DIALS-West-1:
Partnering Data Collection and Reduction in the Beamline
Environment
July 27, 2012, Harvard Medical School,
Boston, MA
Room TMEC 423 (Tosteson Medical Education
Center, 260 Longwood Ave)
Workshop Organizer: Nick Sauter, LBNL
Meeting Summary
The aim was
to explore the latest ideas and developments in beamline data processing. DIALS (Diffraction Integration for
Advanced Light Sources) is a new software collaboration between the NIH-funded
group led by Nick Sauter at Berkeley Labs (LBNL), and the BioStruct-X Work
Package 6 consortium led by Gwyndaf Evans at Diamond Light Source. New data reduction approaches are
needed to handle high framing rates from pixel array detectors, and to improve
the outcome from marginal data. Both groups recognize the benefit of an
open-source software development strategy like that used in the Computational
Crystallography Toolbox (cctbx)
initially introduced by LBNL. The ability to rapidly prototype new algorithms, as
well as existing tools to manage collaboration, make cctbx a good starting point for the DIALS effort. We implemented test code for Bragg spot
integration using 2D pixel summation, and plan to work on 3D profile fitting
for delivery within a year. High
throughput will be achieved initially with multicore processing, and possibly
with GPU computing in the future.
Graeme
Winter (Diamond Light Source) described a software approach that would allow
light source facilities to implement code specializations in the field, e.g. to support new hardware or
algorithms not supported by the central code base. Such ideas help make the code "future proof", so Graeme's
code to represent X-ray detectors (dxtbx)
will be included in the initial release.
Xia2 is a data processing
pipeline now supported at Diamond, which could act as a conduit for delivering
the new DIALS software to the beamline (users would run xia2, which would
delegate work to DIALS). FastDP is another Diamond development
that runs XDS data reduction on up to
480 cpu cores, merging large (1800 frame) Pilatus datasets in 2 minutes. David Waterman (CCP4) sees DIALS as an
opportunity to correct the deficiencies of current integration programs.

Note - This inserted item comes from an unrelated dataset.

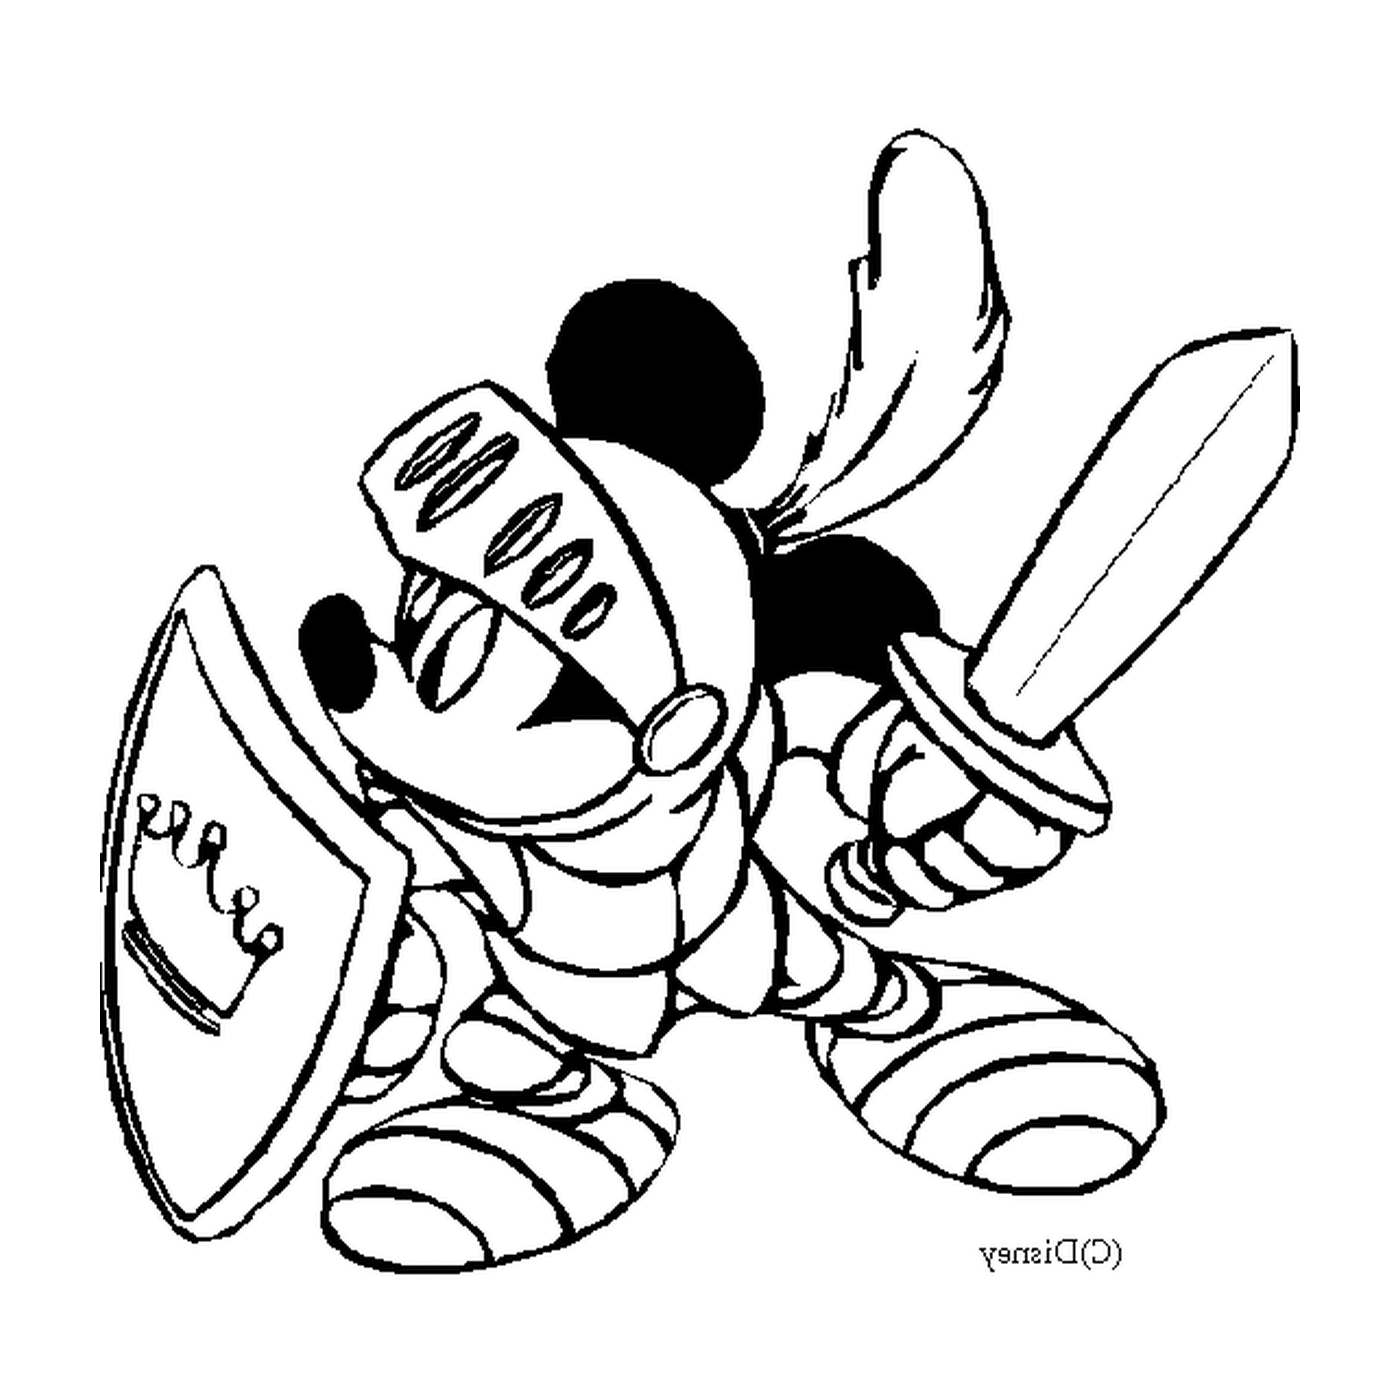  Mickey knight: Mickey Mouse in armor holding a sword

In particular, the error on integrated
Bragg intensities is poorly modeled, and needs to be improved with new models that
account for the physics of each detector type and X-ray source.
Jon
Schuermann and David Neau of NE-CAT described Rapid Automated Processing of
Data (RAPD), which performs massively parallel automatic analysis of all user
datasets by pipelining standard software tools, with final output presented
within a Web interface. Results
are available in minutes, fast enough to influence real-time user
decisions. However, the same
factors driving DIALS development (speed and handling of problem datasets) also
limit the performance at NE-CAT.
Chris
Nielson (ADSC) speculated that the toolbox approach of DIALS may never take the
place of standard data processing packages, and but might become a state of the
art description of best practices.
The need for peer review of each new module was discussed, with a
possible publication venue in the software section of an IUCr journal. Also, we can adopt the regular practice of documenting
mathematical formulae along with the source code (in LaTeX format), thus preserving the thought process behind the
algorithm. An open architecture
will allow vendors and hardware developers to experiment with improvements in
detectors and calibration without involving the authors of standard data
processing programs.
Christian Brönnimann of
Dectris Ltd. pointed out that physical properties of subsequent PAD products
(Pilatus3 and Eiger) will differ from the current Pilatus2 architecture and
will require new physical models.
For example, the Pilatus3 retrigger mode will handle count rates up to
107 cps, an order of magnitude higher than current performance. The Eiger sensor will be much thicker
(1mm vs. 300mm) and require a different thickness correction. It will be essential to have a
clear dividing line between data corrections made by the vendor process, and
those made within downstream software such as DIALS. Fast framing rates (up to 3 kHz, 5GB/s for the Eiger) will
require new file formats (beyond CBF) for fast storage. HDF5 is a possible candidate presently
being studied.
Herbert
Bernstein (Dowling College) described aspects of data management planned for
NSLS-II. At raw data generation
rates of 9GB/s, it will be impossible to store all the data. However, we can be much smarter than
simply reducing data to Bragg intensities and discarding the original; instead,
we can do lossy (up to 50:1) compression giving images that are nearly
indistinguishable from the original, as far as data processing statistics are
concerned. To guard against fraud
and legal challenge, a small fraction (5%) of images will be retained with
lossless compression to prove their equivalence to lossy data. The current CBF library provides 4:1
lossless compression with the Hammersley byte-offset algorithm; current work
focuses on extending that algorithm to give 10:1 lossless compression, or
adopting a different lossless (JP Abrahams) algorithm. Also, an HDF5 backend is being added to
CBFlib to support metadata access in the gigabyte data rate context.